Когда мы приблизились к Кедрону, я спросила робко рабби Амоса:
– Возможно ли, чтобы действие, производимое Ангелом, могло вызвать такое смятение и приводить к взрыву худших страстей?
Он отвечал:
– Колебания воды в этой купальне, без сомнения, есть чудо! Действие Ангела может быть только добрым; прикосновение Ангела сообщает воде священную, целебную силу. Возможно ли приписывать явлению такой милости Божией все эти убийственные и отвратительные сцены, которые мы видели!
Я замолчала. Тяжело и страшно при мысли о такой порочности людей, что каждый дар Божий они обращают во зло и проклятие.
Мы свернули теперь несколько вправо от большой дороги, потому что на ней римляне производили основательную перестройку моста. Нам пришлось ехать берегом ручья до Авессаломова столба, при виде которого мне вспомнилась вся история этого несчастного князя. Как удивительно, что именно его густые, золотистые волосы, которыми он так гордился и о которых неоднократно упоминали современные поэты, послужили орудием его смерти! Далее мы прошли мимо дуба, о котором рабби Амос сказал, что этот древний дуб представляет собою остаток от того леса, через который Авессалом совершал свой роковой путь. Затем он показал мне яму, в которую десять юношей, убивших Авессалома, кинули его тело и заложили сверху каменьями. И силен же, и храбр, должно быть, был этот красивый и своевольный князь, если в то время, как он висел на дубу на своих волосах, понадобилось «десять молодых людей, чтобы окружить и убить его». Или, как думает рабби Амос, это число смешивают с числом хулителей царя Давида, из которых ни один не дерзнул встретиться с ним с глазу на глаз.
Каждое место в окрестностях Иерусалима дорого мне по воспоминаниям, связанным с этими местами. Точно переживаешь те дни великих событий, которые составили славу нашего народа.

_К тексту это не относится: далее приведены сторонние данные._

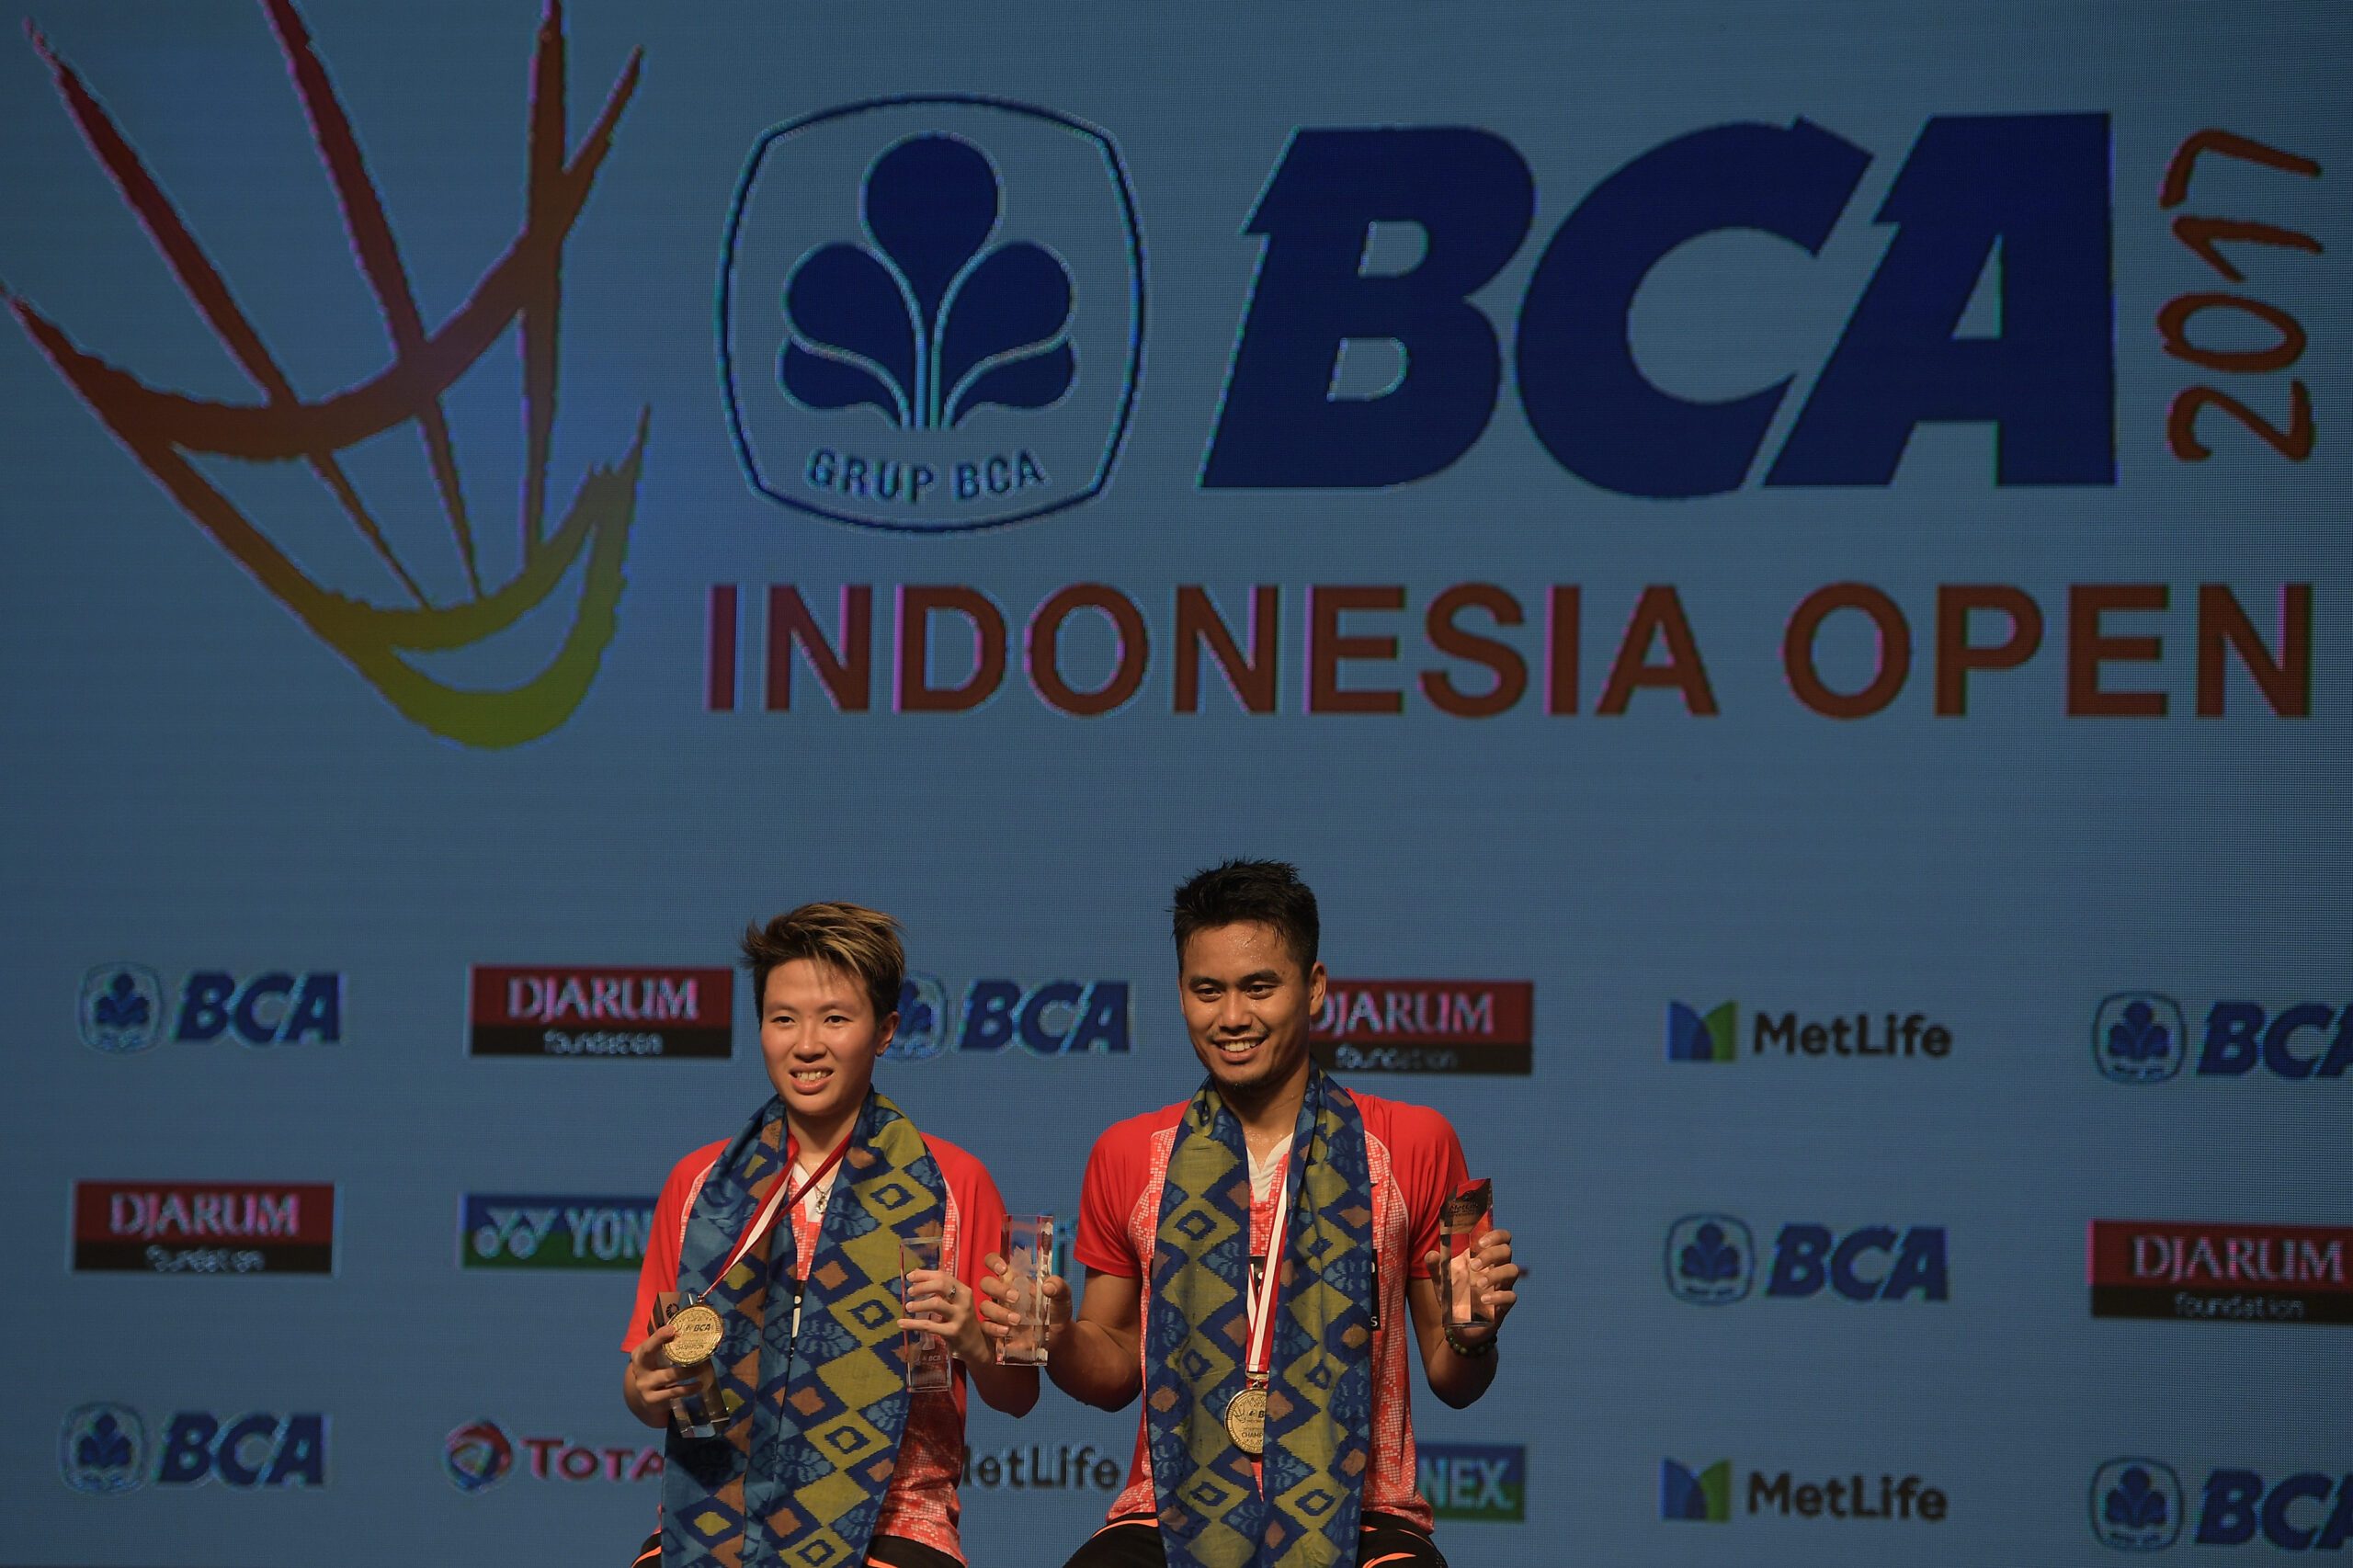 FOTO: Perjuangan Owi/Butet raih juara Indonesia Open 2017

Скоро мы прибыли к тому месту, где пересекаются две дороги, и тут же я услышала конский топот и увидела на пути от Конских ворот центуриона в сопровождении кавалерийского отряда. Блеск шлемов, звон оружия, воинственные звуки рогов очаровали меня, и я уверена, что если бы могла сама взглянуть на себя в эту минуту, то увидала бы воинственный блеск в своих глазах. Эмилий показался мне настоящим вождем и героем, а панцирь на его груди горел огнем под лучами солнца, как и все его вооружение. Рядом с ним ехал юноша с римским орлом в руке, а сам центурион держал в руке знак своего сана – трость из виноградной лозы с золотым кольцом. Он приветствовал нас с тою благородной грацией, какой отличались все его движения. Затем он скомандовал своему отряду разделиться на две группы: одна из них, отъехав вперед, составила авангард, другая следовала за нами. Затем он скомандовал двигаться вперед. Сам он держался около рабби Амоса или приближался к нам. Но, занимаясь с нами, он не забывал своего служебного долга и зорко следил за своей командой и вглядывался в окружающую местность.
В следующем письме я надеюсь закончить мое повествование обо всем, что пережито мною со дня нашего выезда из Иерусалима.
Да будет Бог отцов наших в защиту и помощь тебе, дорогой батюшка. Твоя любящая дочь Адина.